### YOUR TASK
Reproduce every line below exactly as written; do not include the images.

### PROVIDED MATERIAL
________________________

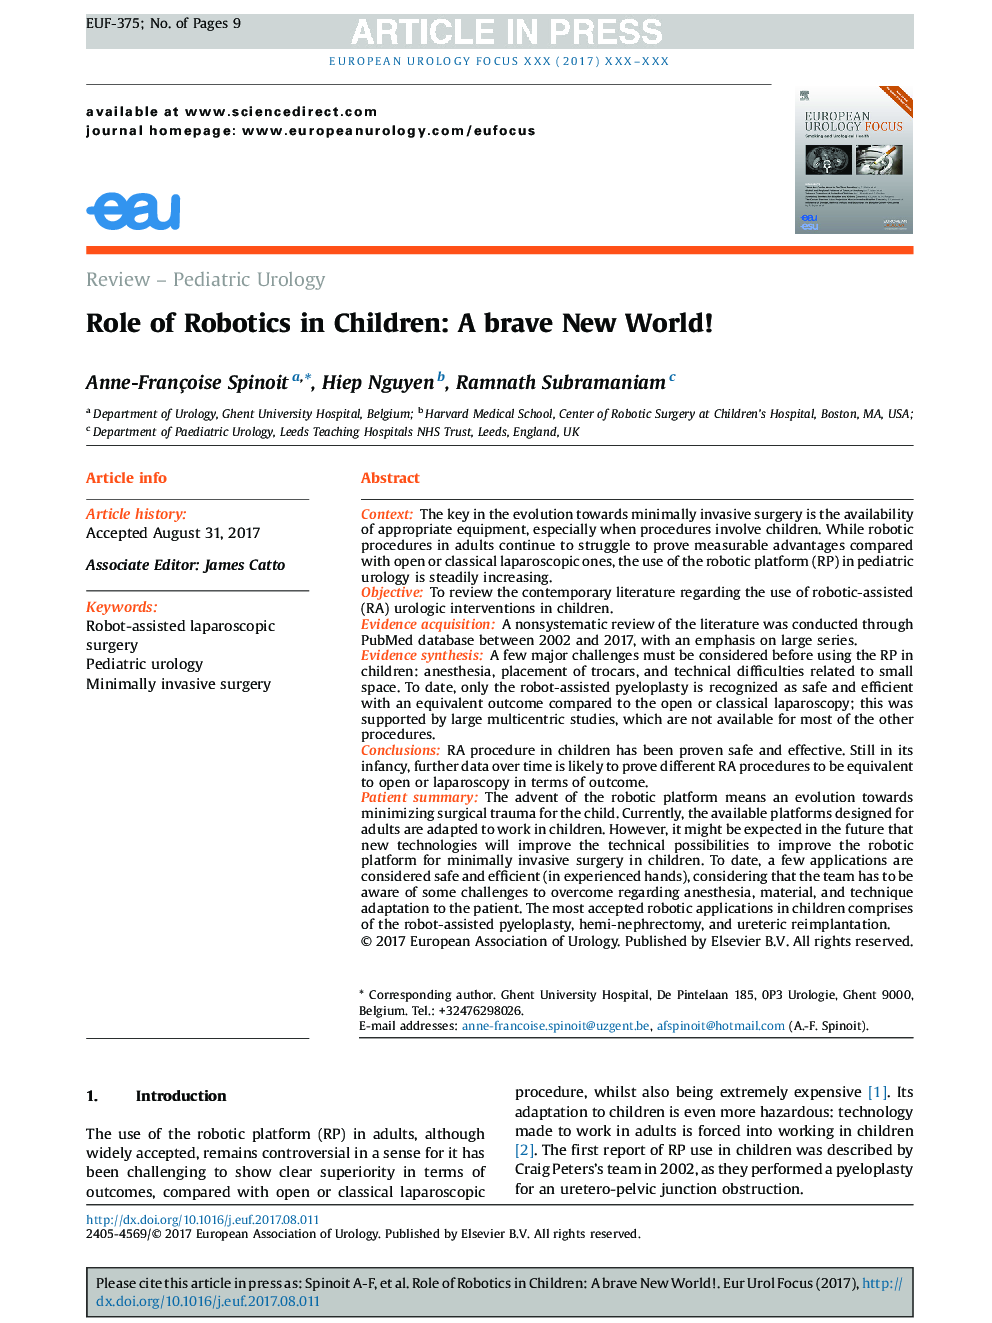 نقش روباتیک در کودکان: یک جهان جدید شجاع! 
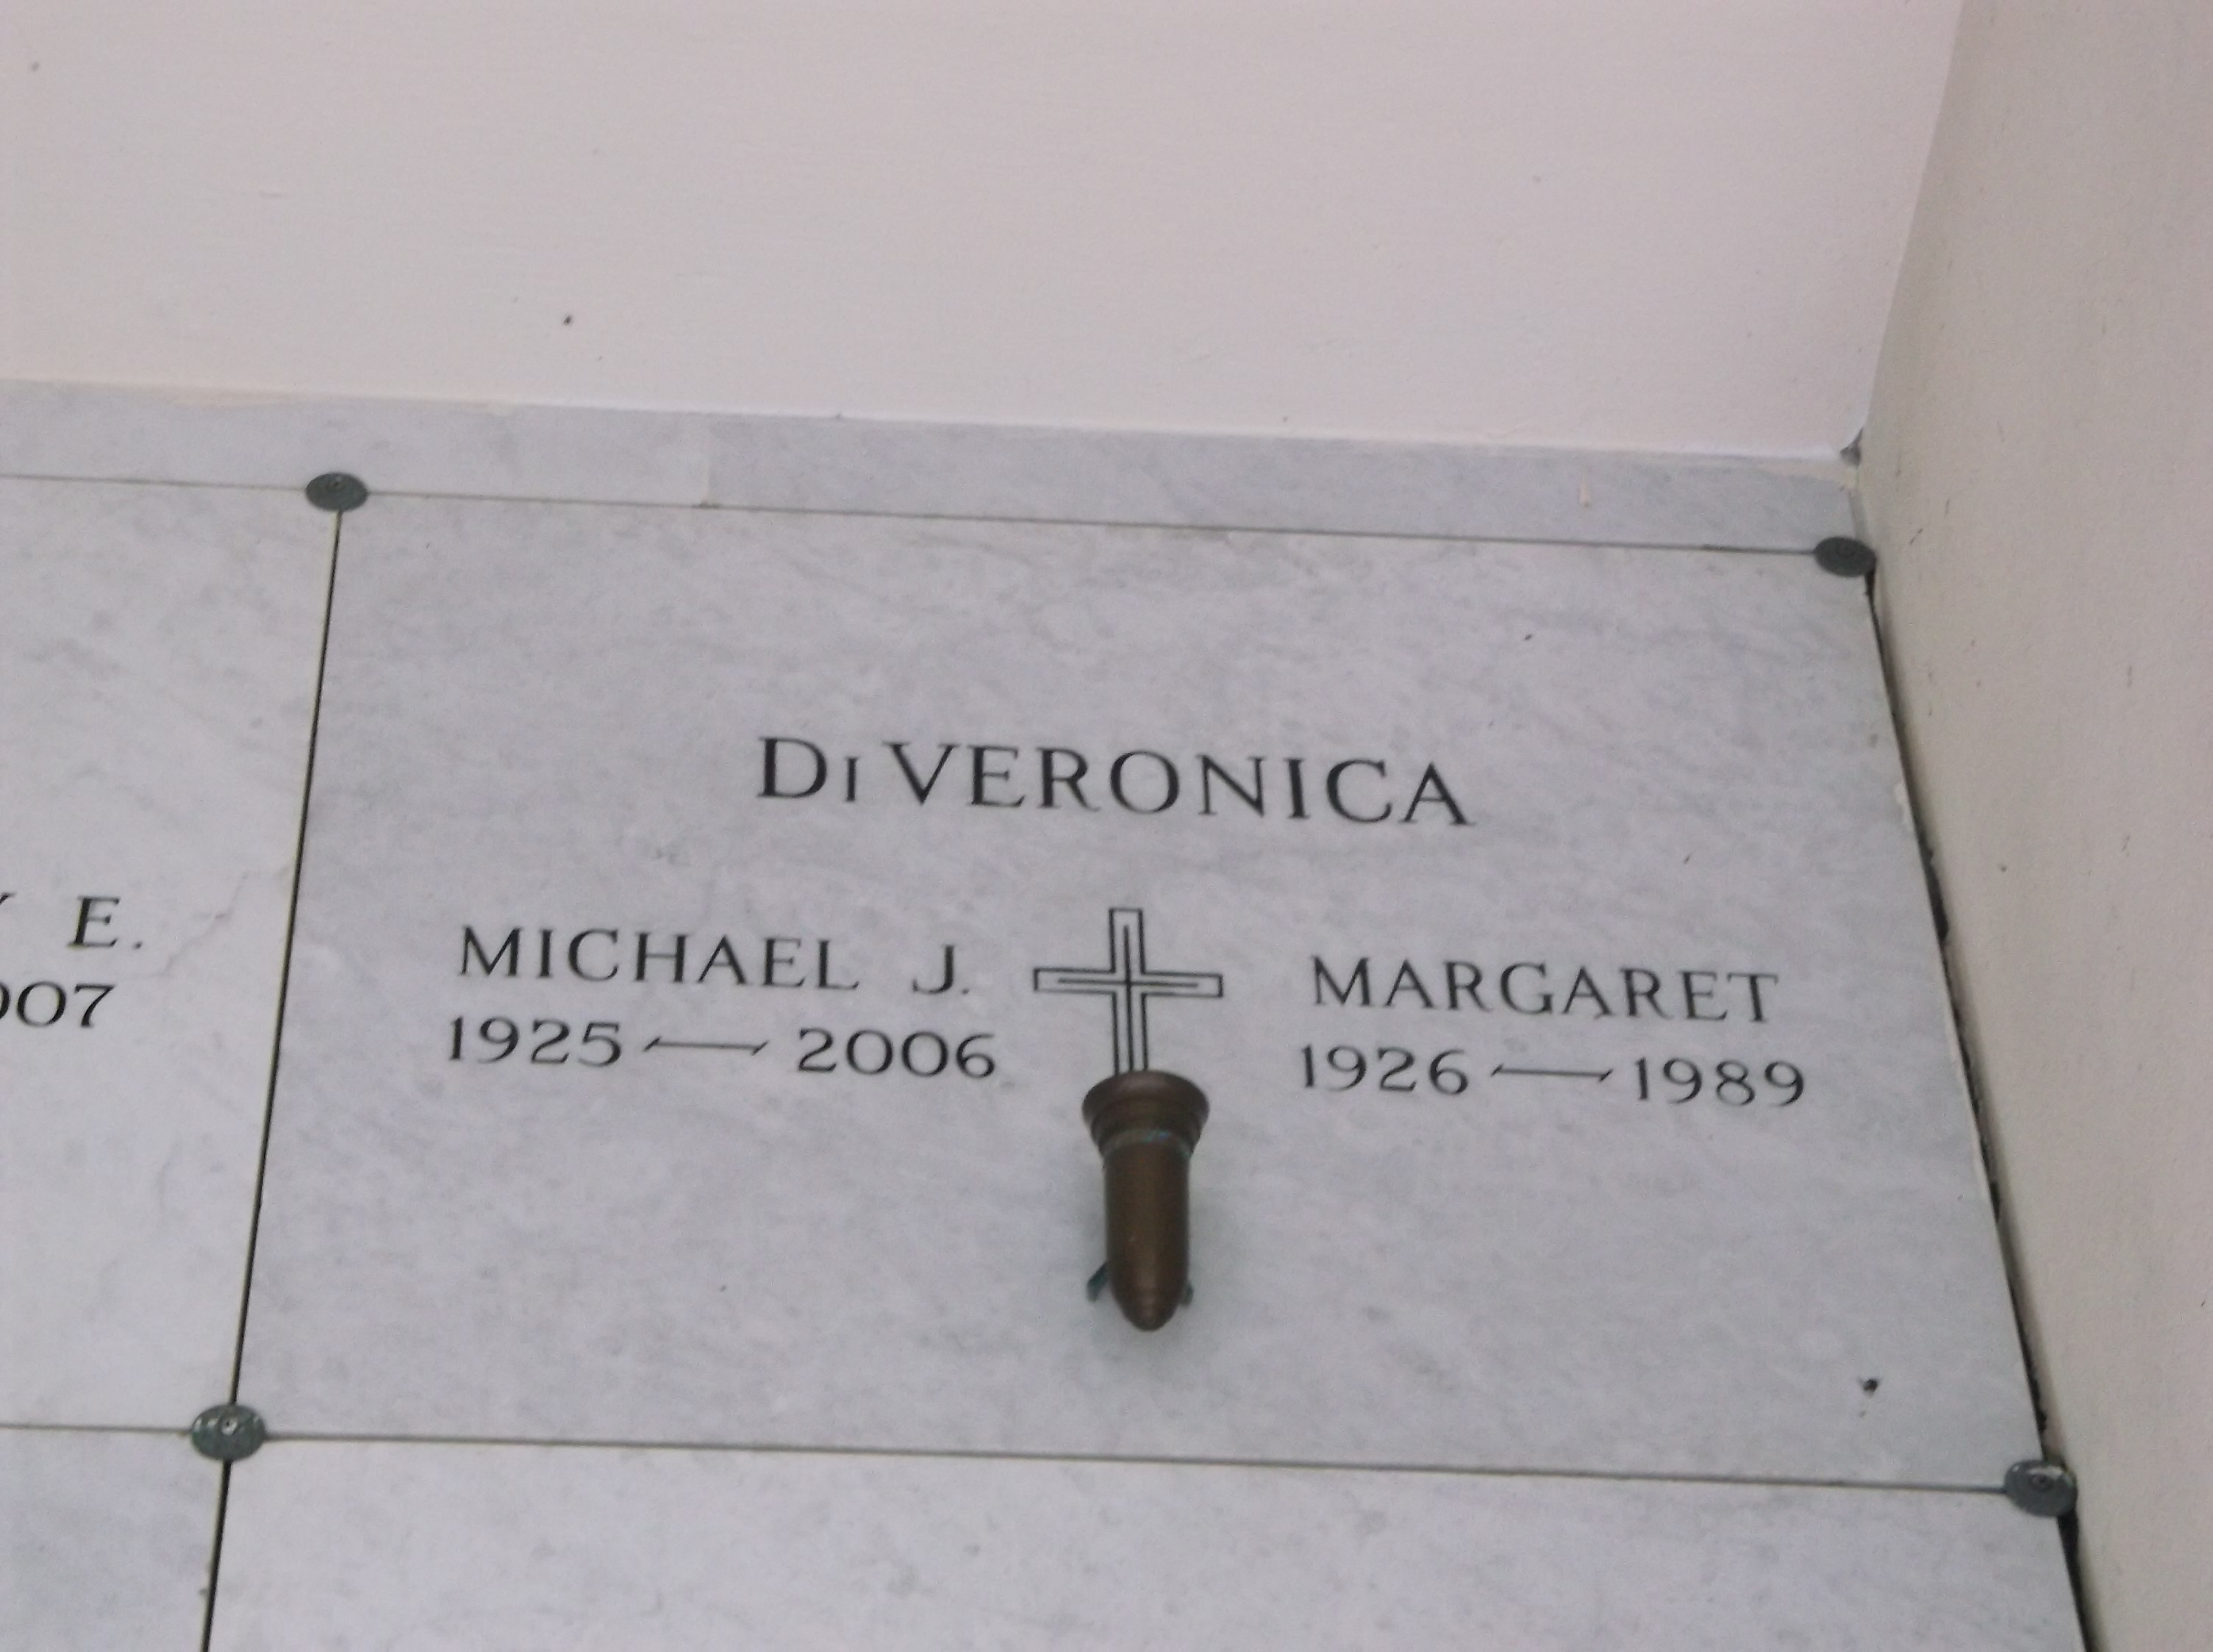 Margaret DiVeronica
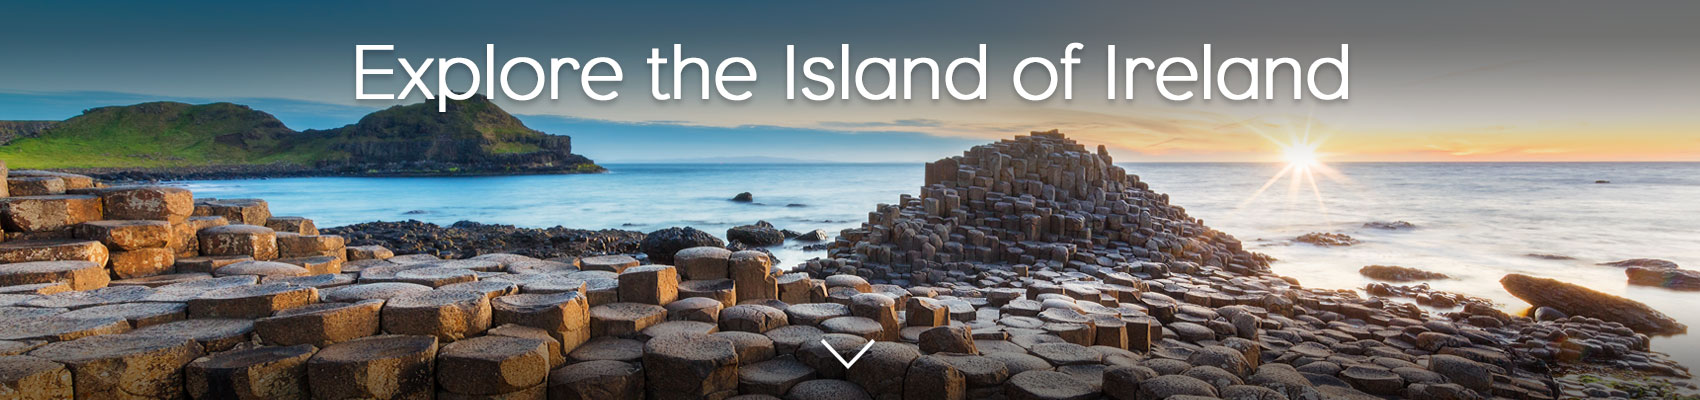 Explore the Island of Ireland
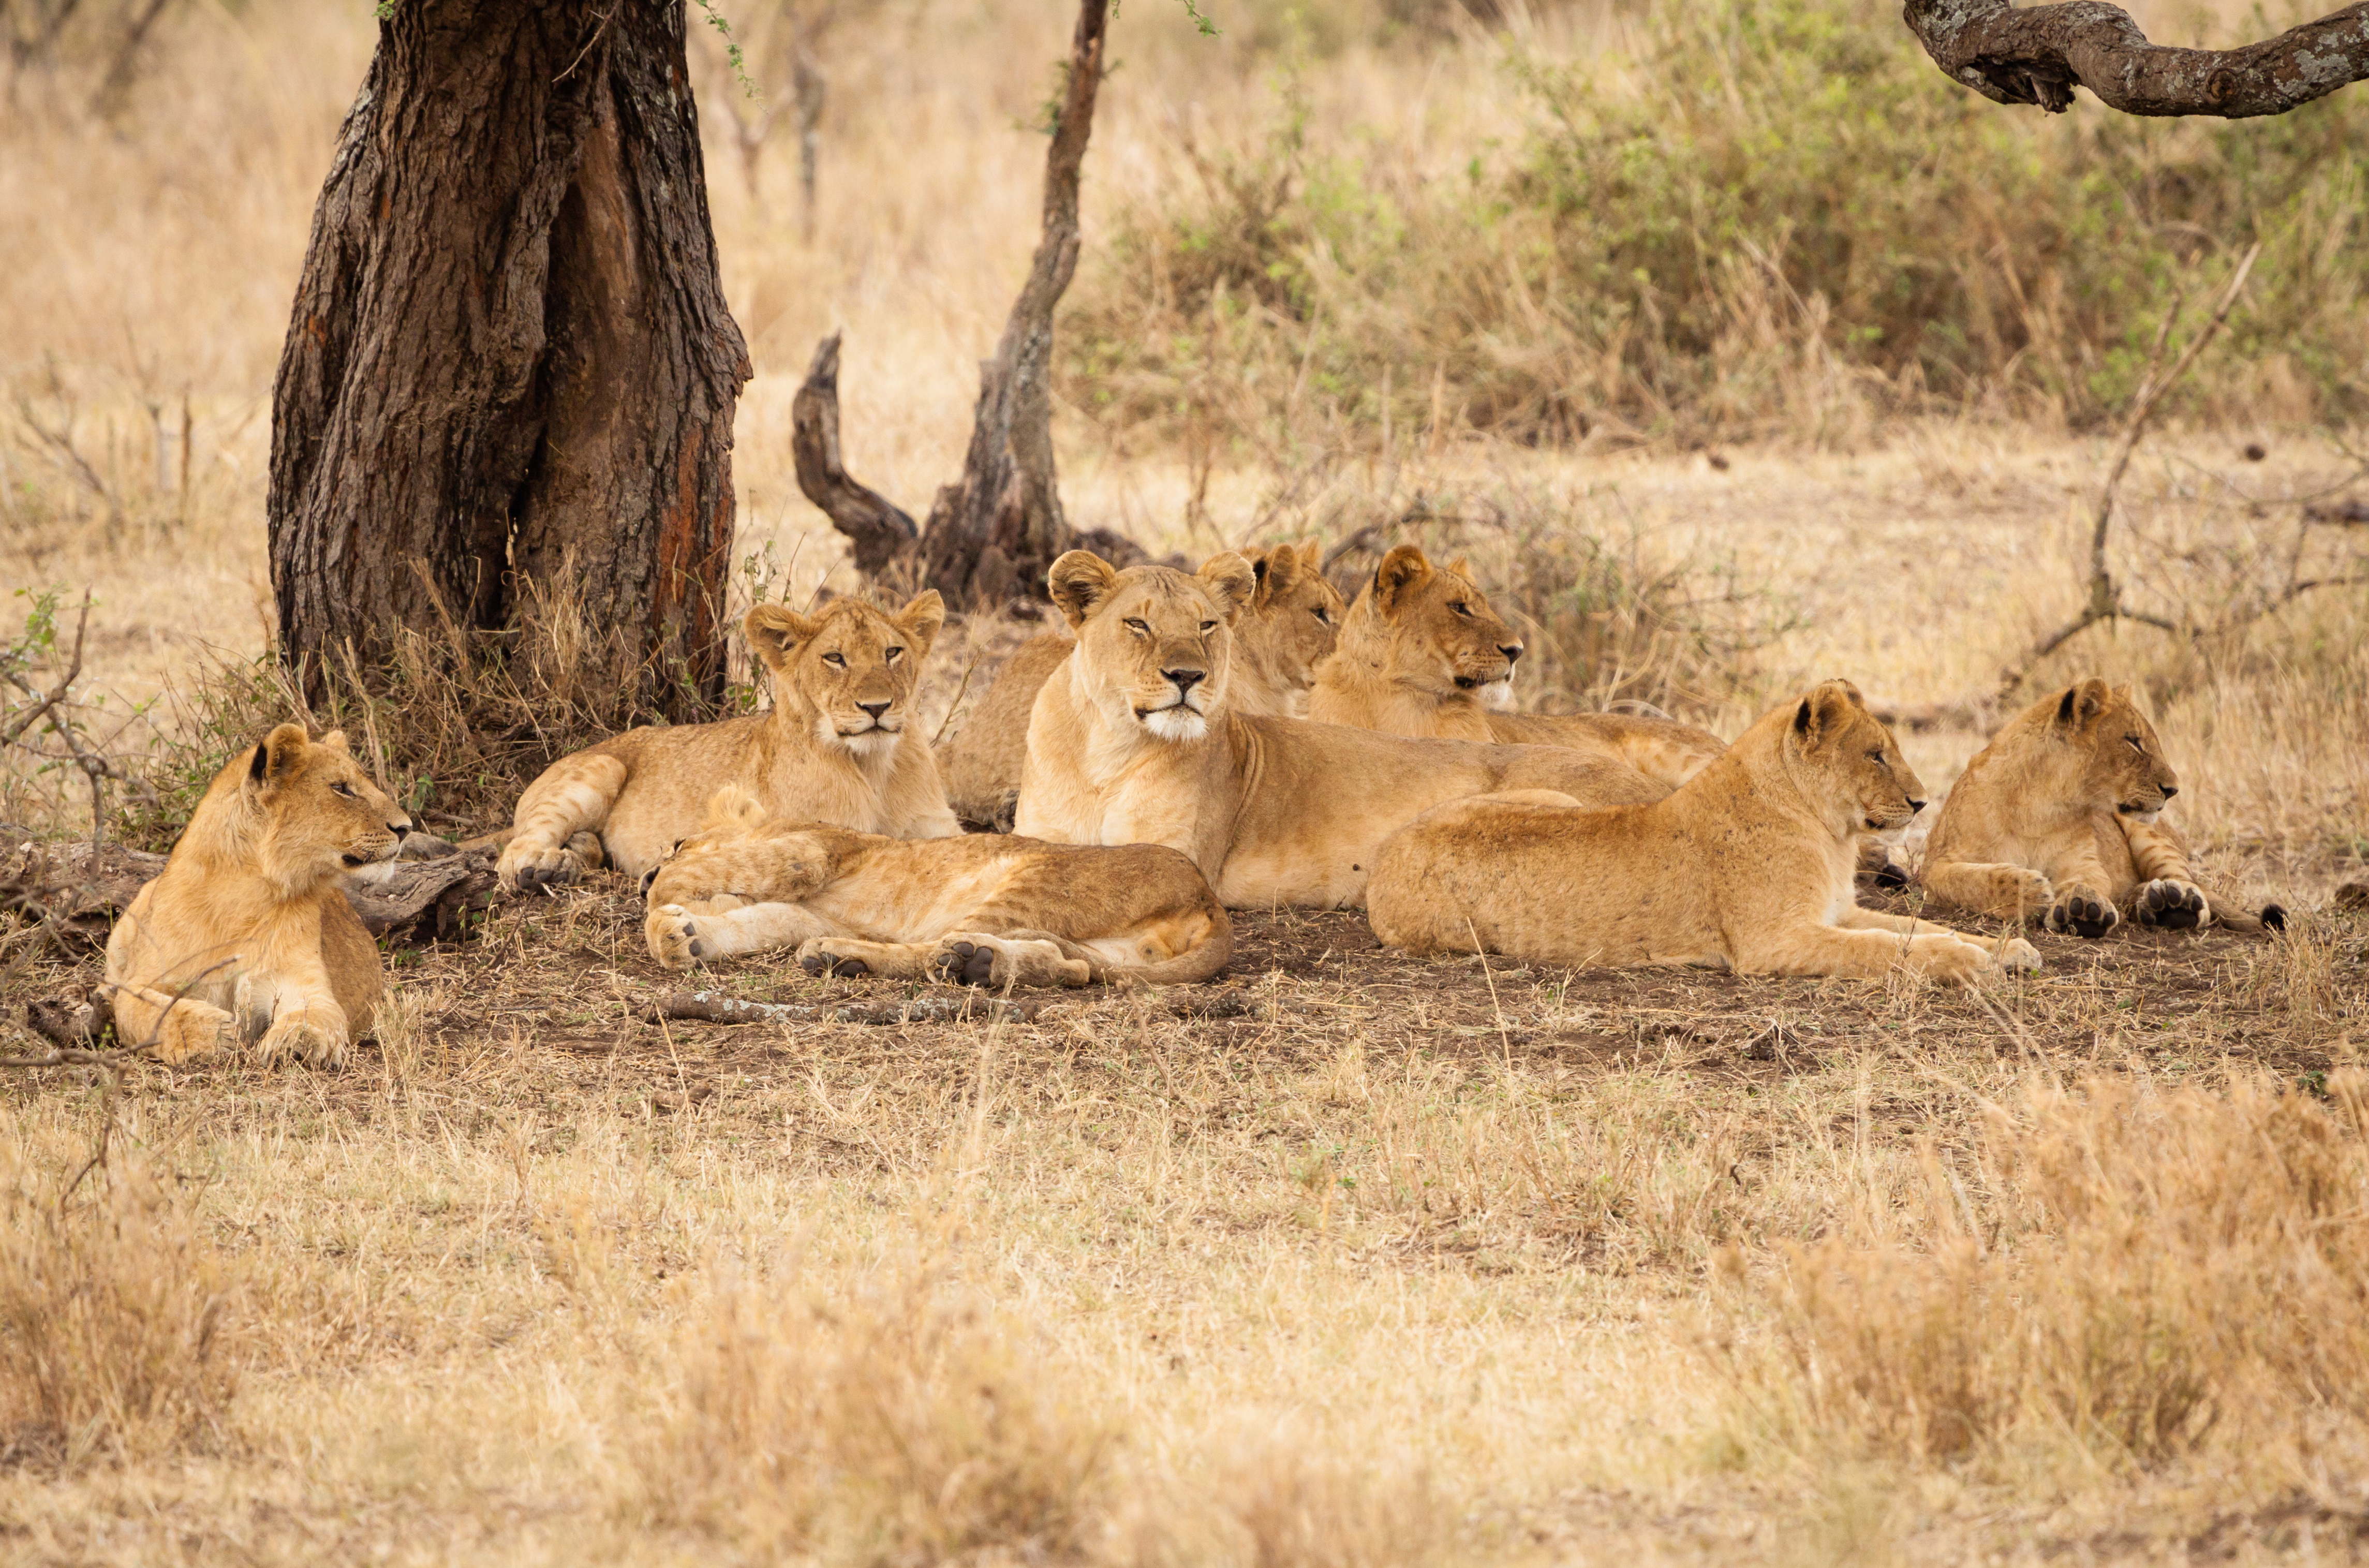 Les lions sont les seuls félins sauvages à vivre en groupe, ils sont capables de s’entraider et de se coordonner pour attraper de grandes proies, à plusieurs. © angelo chiariello, Adobe Stock

________________________

### WRITTEN RESPONSE
 نقش روباتیک در کودکان: یک جهان جدید شجاع! 
 Margaret DiVeronica
 Explore the Island of Ireland
 Les lions sont les seuls félins sauvages à vivre en groupe, ils sont capables de s’entraider et de se coordonner pour attraper de grandes proies, à plusieurs. © angelo chiariello, Adobe Stock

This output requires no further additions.